By the way, I want to tell you, I actually really like Crusoe.

Oh well, thank you! You know what? It’s so funny, after all these years that is what people say, Crusoe. Crusoe and Strike Back, those are the two people always mention.

It’s great because it’s one thing you can watch with everybody.

That was the point of it, yeah!

You did some really good work in that.

We had fun, we did have fun. But oh my God, I just got my butt kicked. [laughing] And here is poor Megan. This poor gal, I was just never home, ever. She would come to set and hang out. She made all these great relationships on set. She has a communications and documentary film background from college, so she was right at home. She would come to set and hang out all day behind the monitors and we would talk. She made tons of friends with the African crew, and we’re still friends to this day with some of those people.

So it was an amazing experience. It was this dream experience. We were put in this incredible beach house in Plettenberg Bay. You could throw your pillow out the window into the ocean. I mean, it was preposterous. [laughing]

Gorgeous!

I said to her, “Look, if we decide to do this, it’s not always going to be like this is!” [laughing] She said, “No, it’s totally cool.” Of course, Maneater comes around and we’re living in student housing in Scottsdale, Arizona, next to the spring training and the baseball field! [laughing] It couldn’t have been more different. But it was beautiful.

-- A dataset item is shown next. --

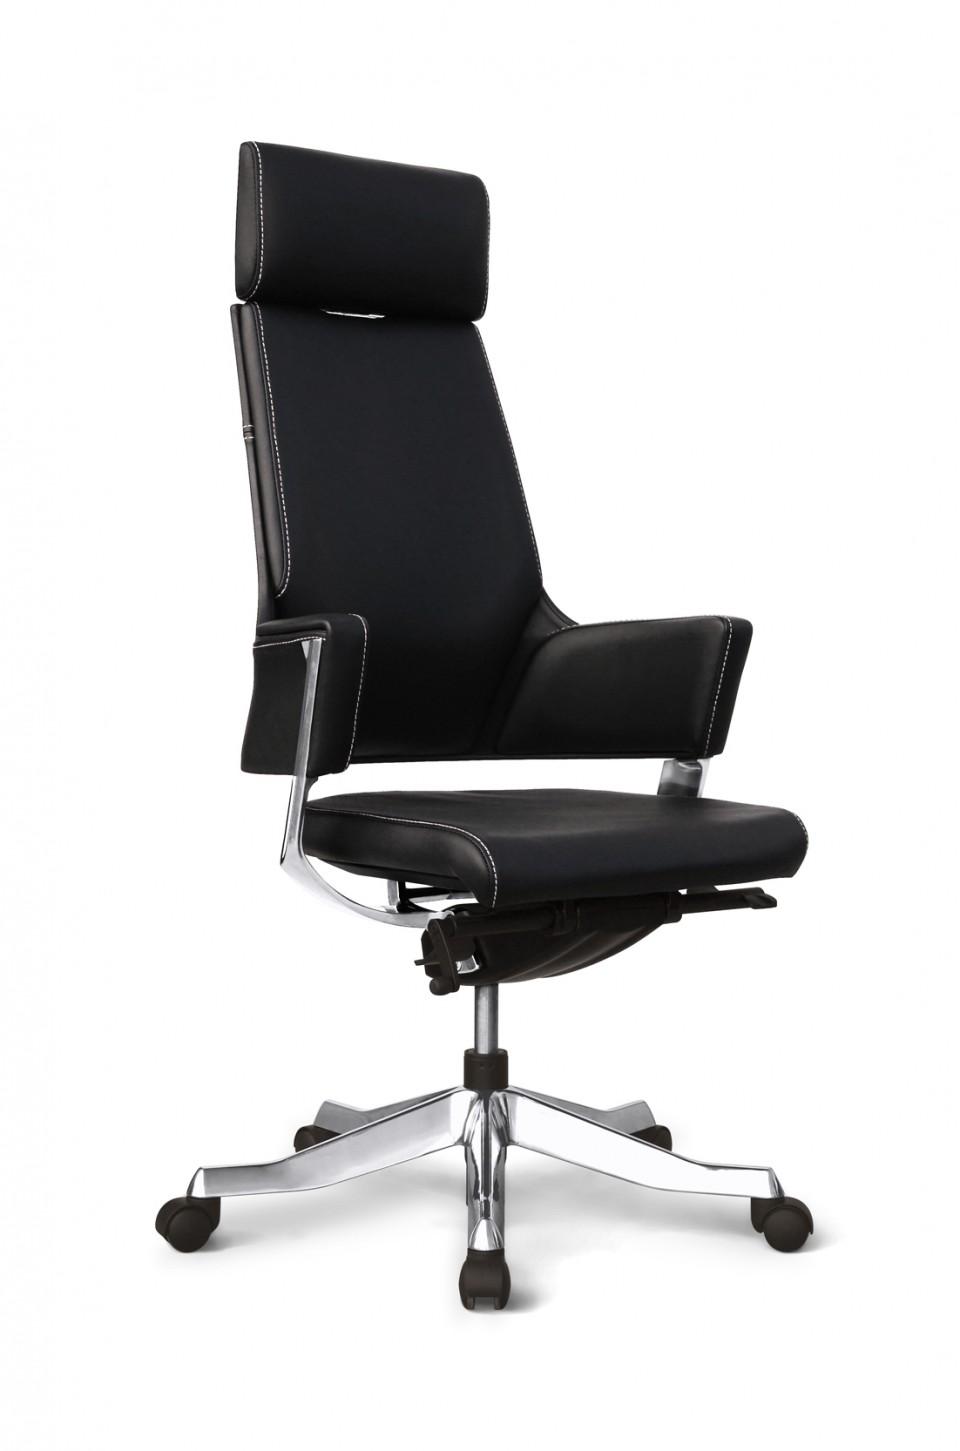 fauteuil de direction cuir top achat fauteuils de direction 840 00
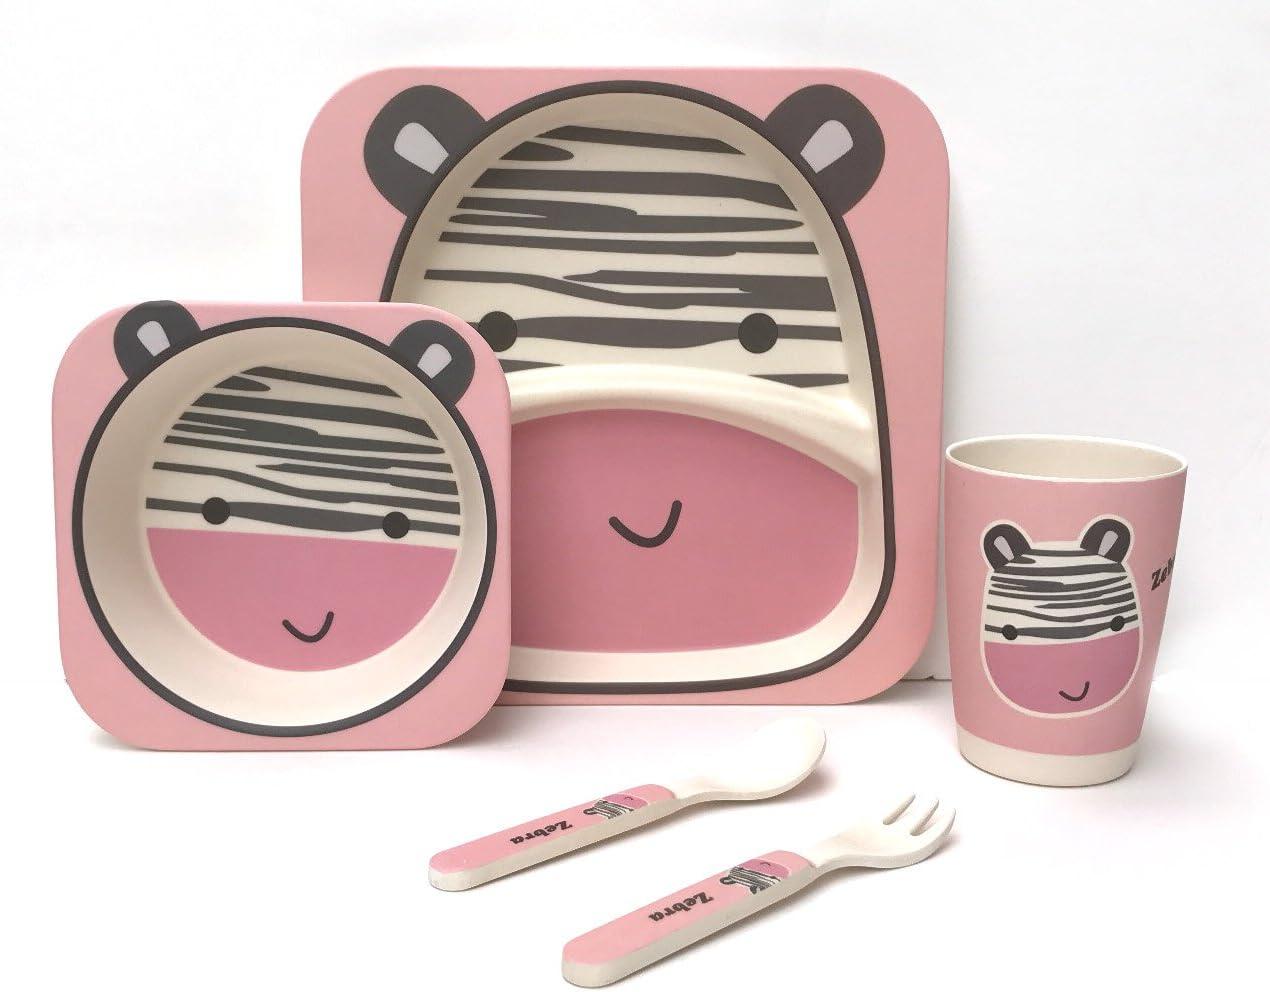 Juego de 5/piezas para comer,/100/% de fibra de bamb/ú Zebra respetuoso con el medio ambiente se puede lavar en el lavavajillas

So she is a trooper and she’s my best friend. I think that’s what it came down to. Because there was another decision on that trip when she saw what was going on [the work load]. She said, “Well look, we need to figure this out, because I’m going to go back to teach in Montana, unless this is going somewhere else?”

Ooh, there’s some honesty.

I just didn’t have time. [sighing] I was wrestling with “I don’t have time, but this is a person we’re talking about. This isn’t just an assignment you’re not turning in. This is a person. This is a heart. This is important.”

She said the most brilliant thing to me one night. We were sitting on the beach. I was exhausted; I’d done another 16-hour day. She said, “Philip, this has been great. I want you to know that I love you. And I would like to be with you; but, I don’t have to be with you.”

And I was like, “Huh.” Again, one of those little bumps. It’s just a TV show, it’s just a job. Look at what’s in front of you and give it the attention it deserves.

I knew that I wanted to marry her. I knew that I wanted that. I think I was just waiting for the show to be over; I was waiting to have some more energy. I think a lot of the mistakes that guys make are that they want to have all their ducks in a row before they ask that question. They think “I want a bank full of money, and a house, and life insurance,” and shit like that. It just doesn’t work like that.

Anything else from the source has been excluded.